WORK INSTRUCTION:
Your reply should consist only of the lines from the one holding "1.48 CTW Diamond" to the last line of the data below, written out exactly and without pictures.

DATA SEGMENT:
==========

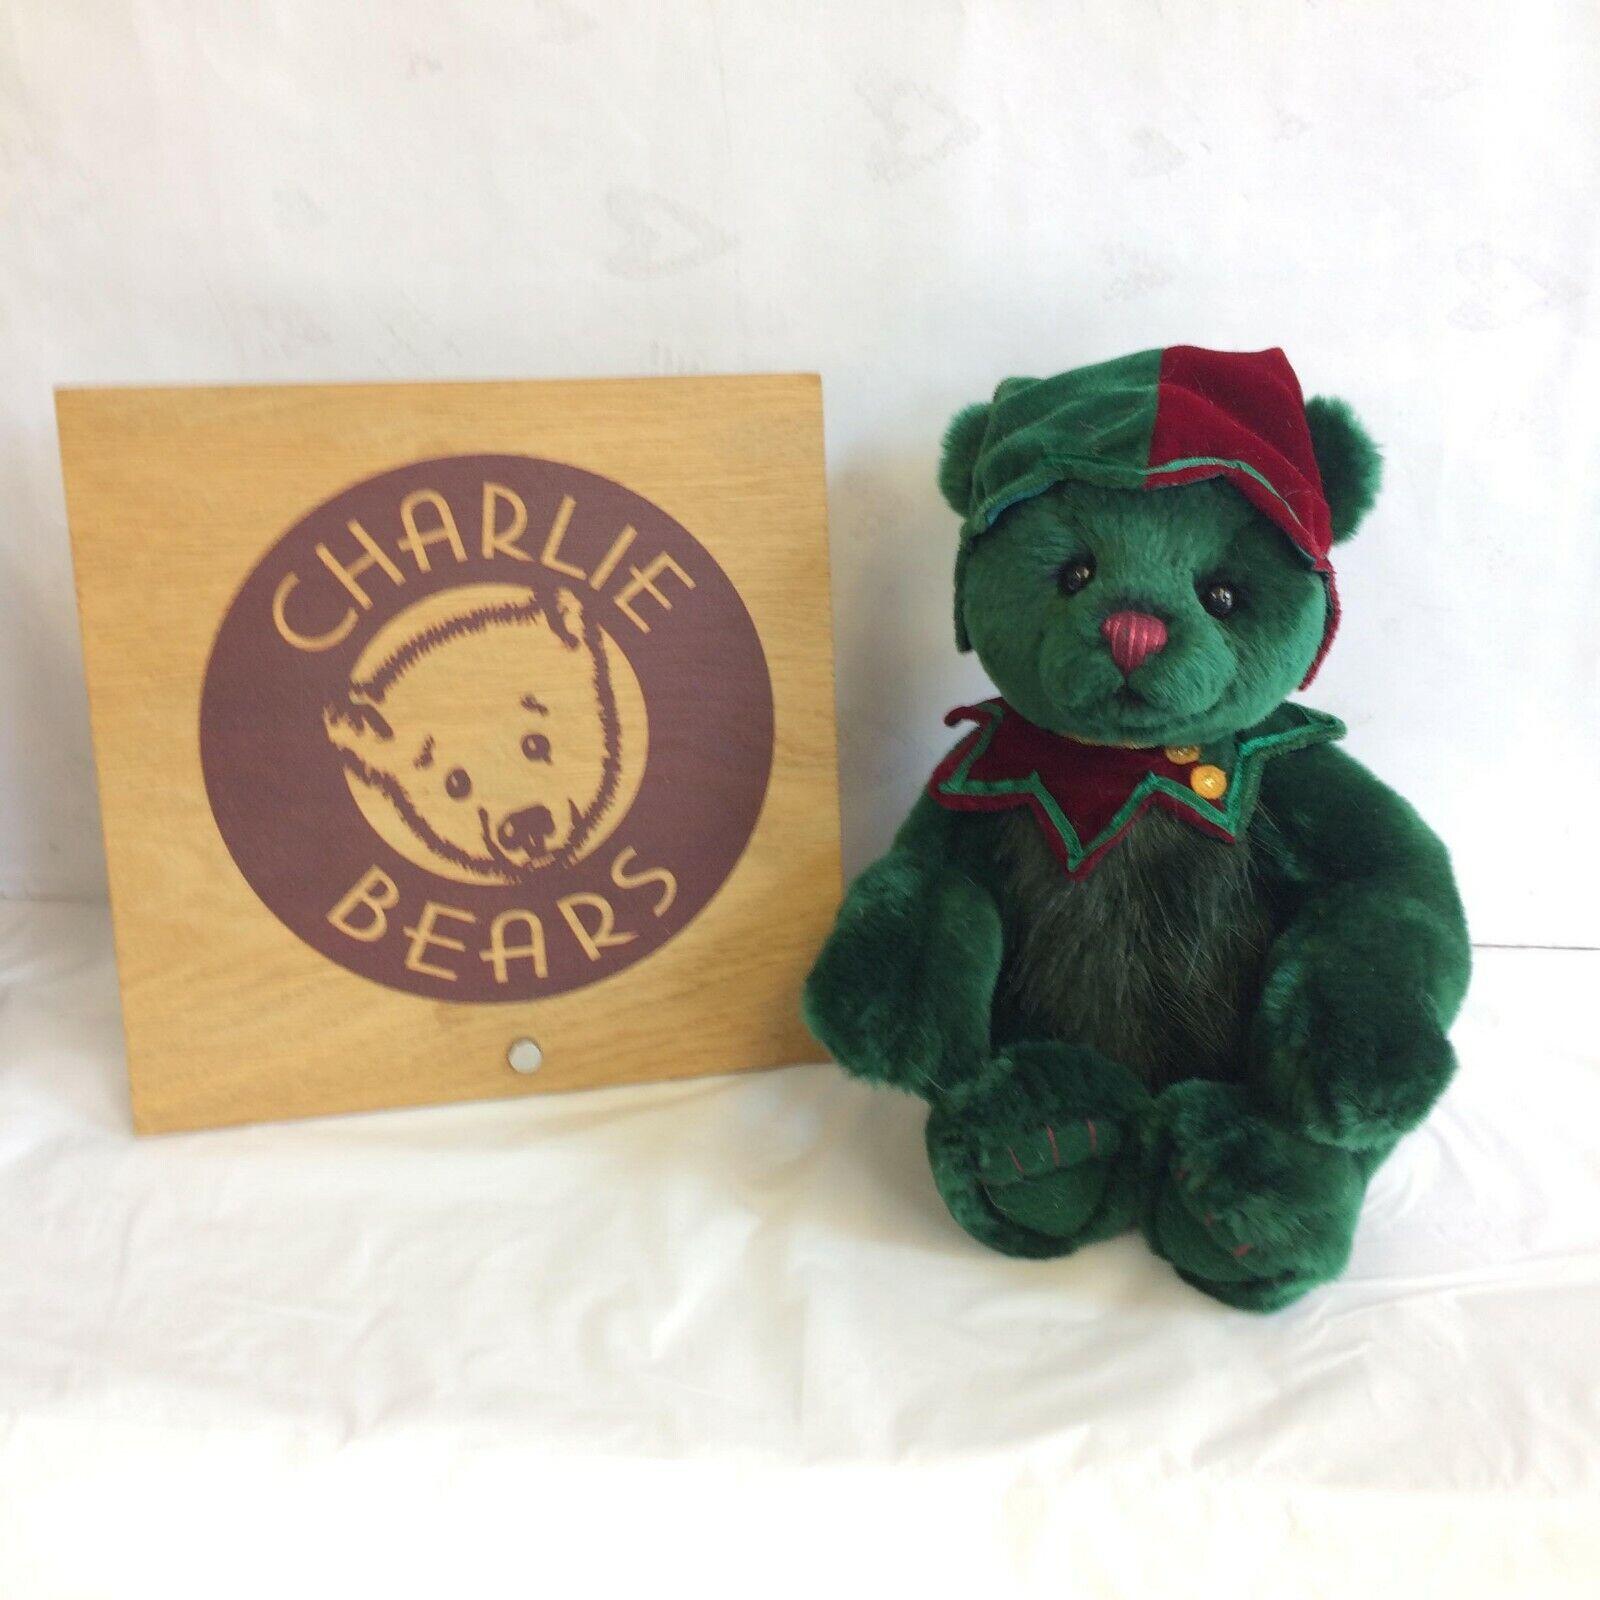 Charlie Bears Purrkins Plush Bear - BNWT - OFFICIAL STOCKIST
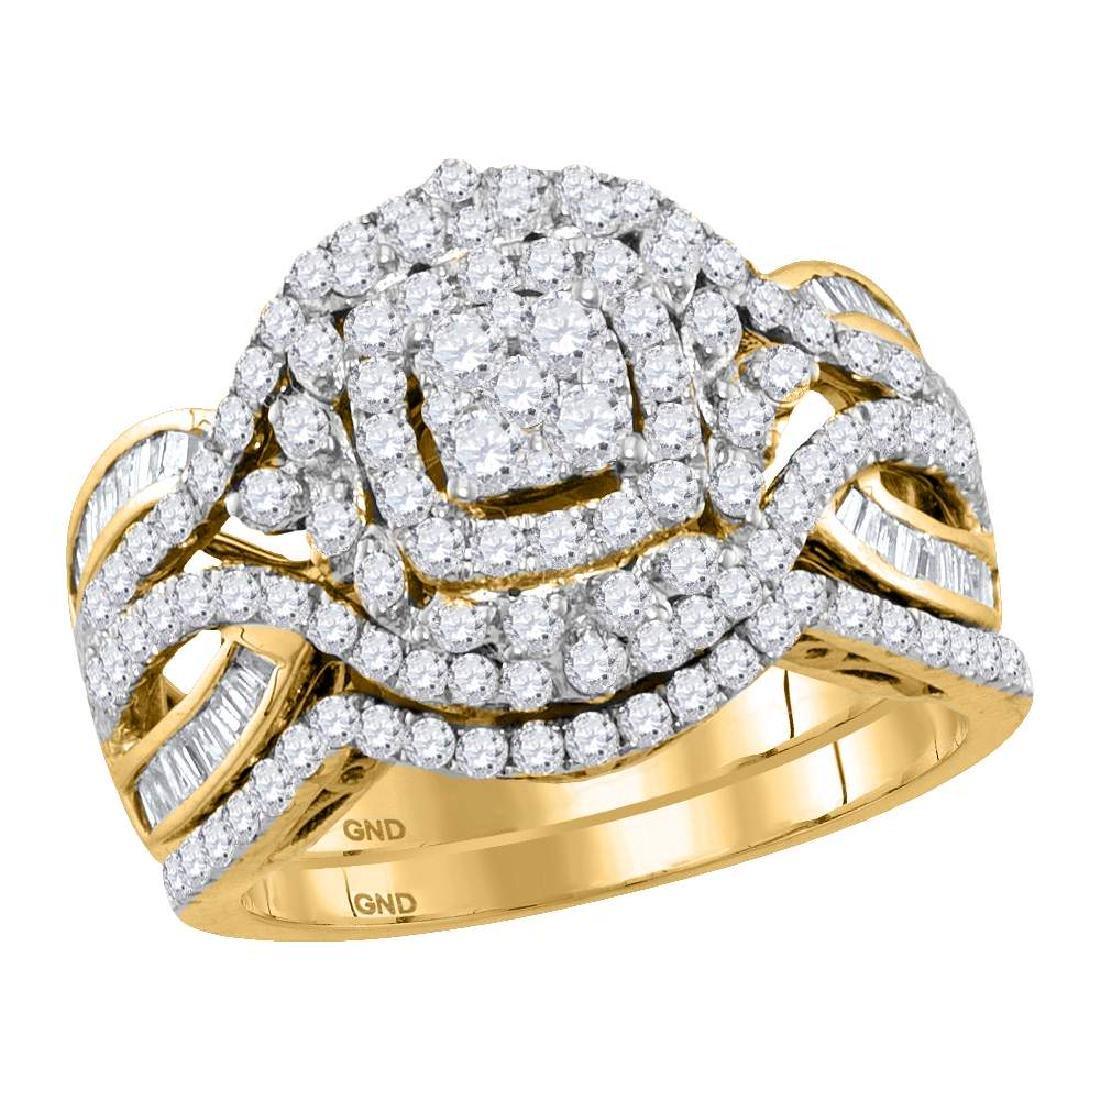 1.48 CTW Diamond Bridal Wedding Engagement Ring 14KT
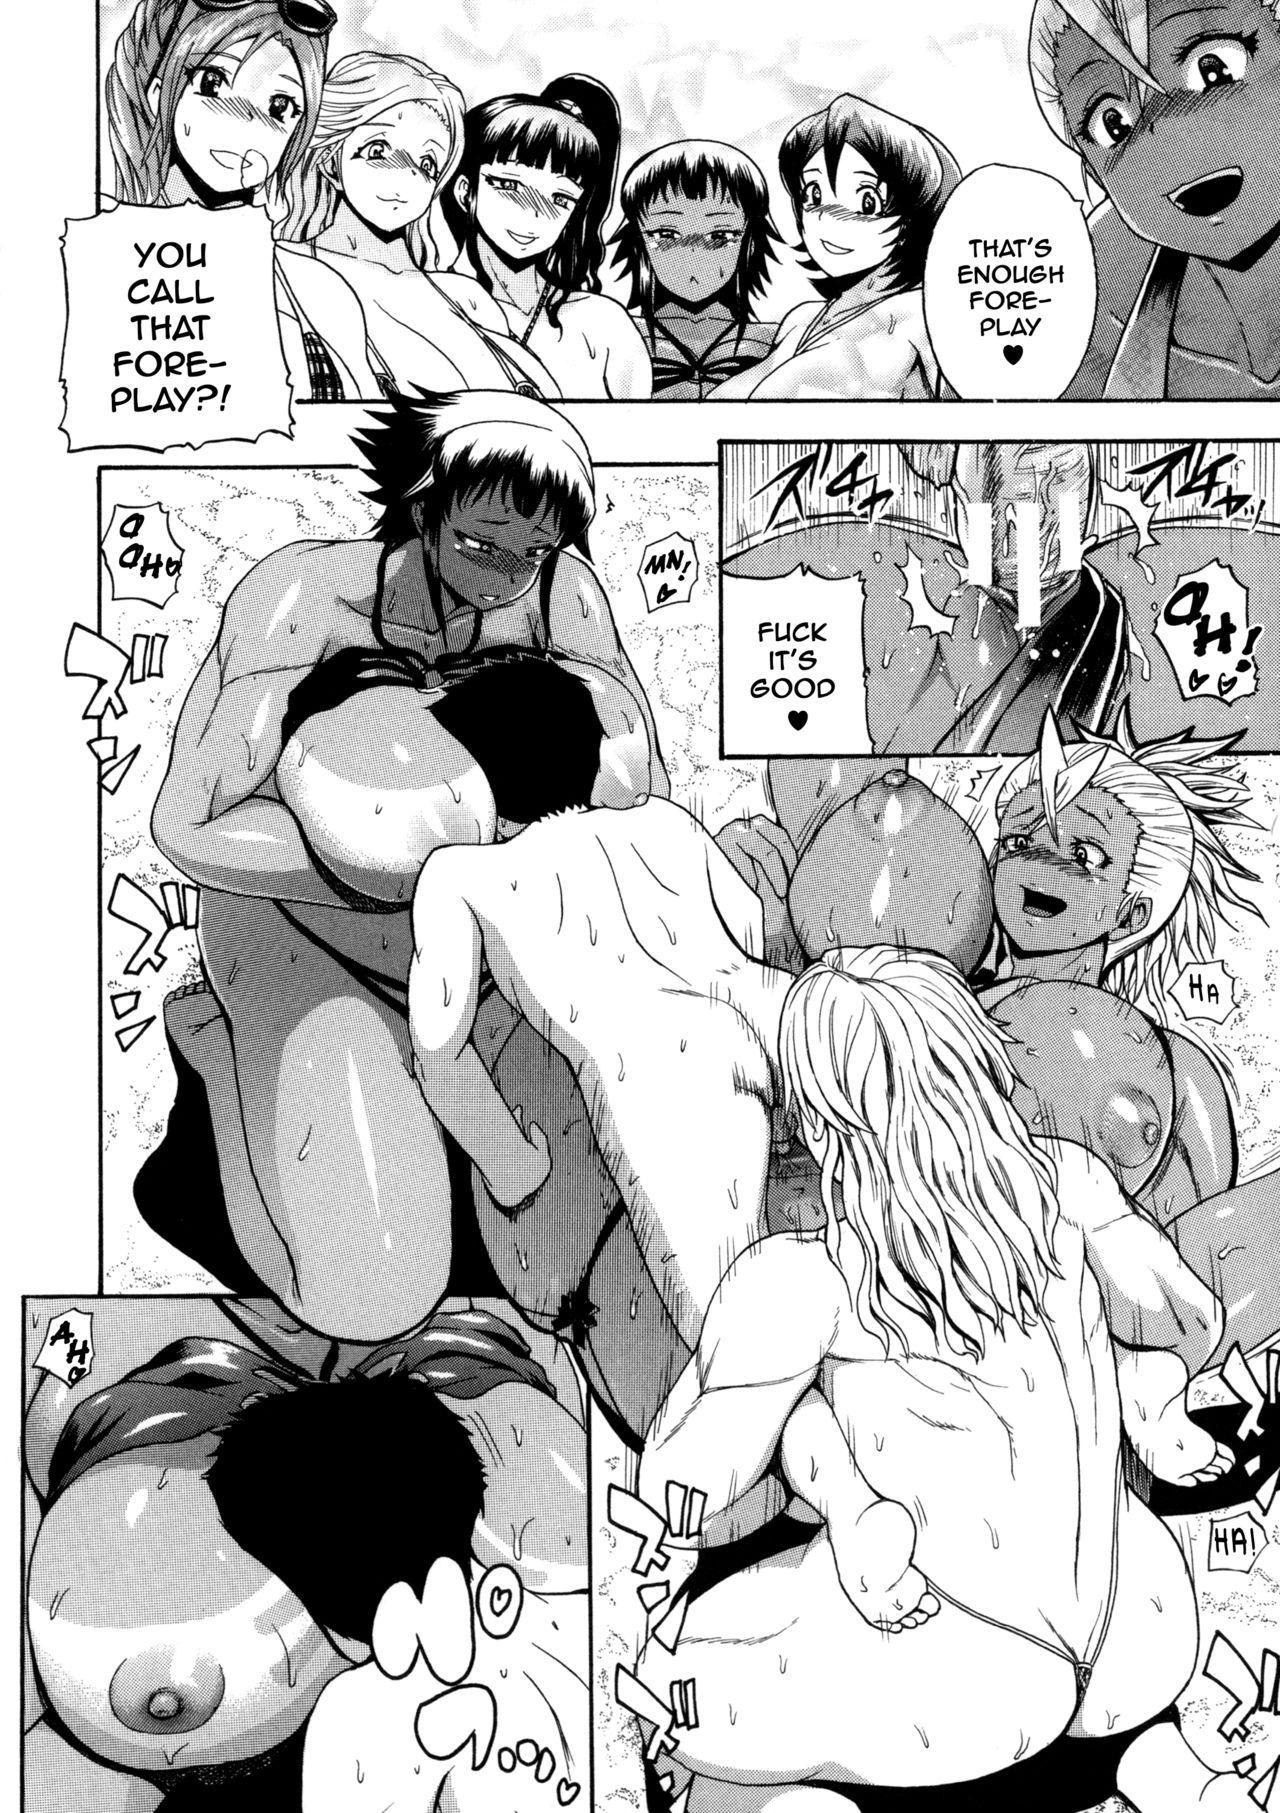 [Yoshimura Tatsumaki] Monzetsu Taigatame ~Count 3 de Ikasete Ageru~ | Faint in Agony Bodylock ~I'll make you cum on the count of 3~ [English] [Brolen] 207

==========

RESULT FOR THIS TASK:
 1.48 CTW Diamond Bridal Wedding Engagement Ring 14KT
 [Yoshimura Tatsumaki] Monzetsu Taigatame ~Count 3 de Ikasete Ageru~ | Faint in Agony Bodylock ~I'll make you cum on the count of 3~ [English] [Brolen] 207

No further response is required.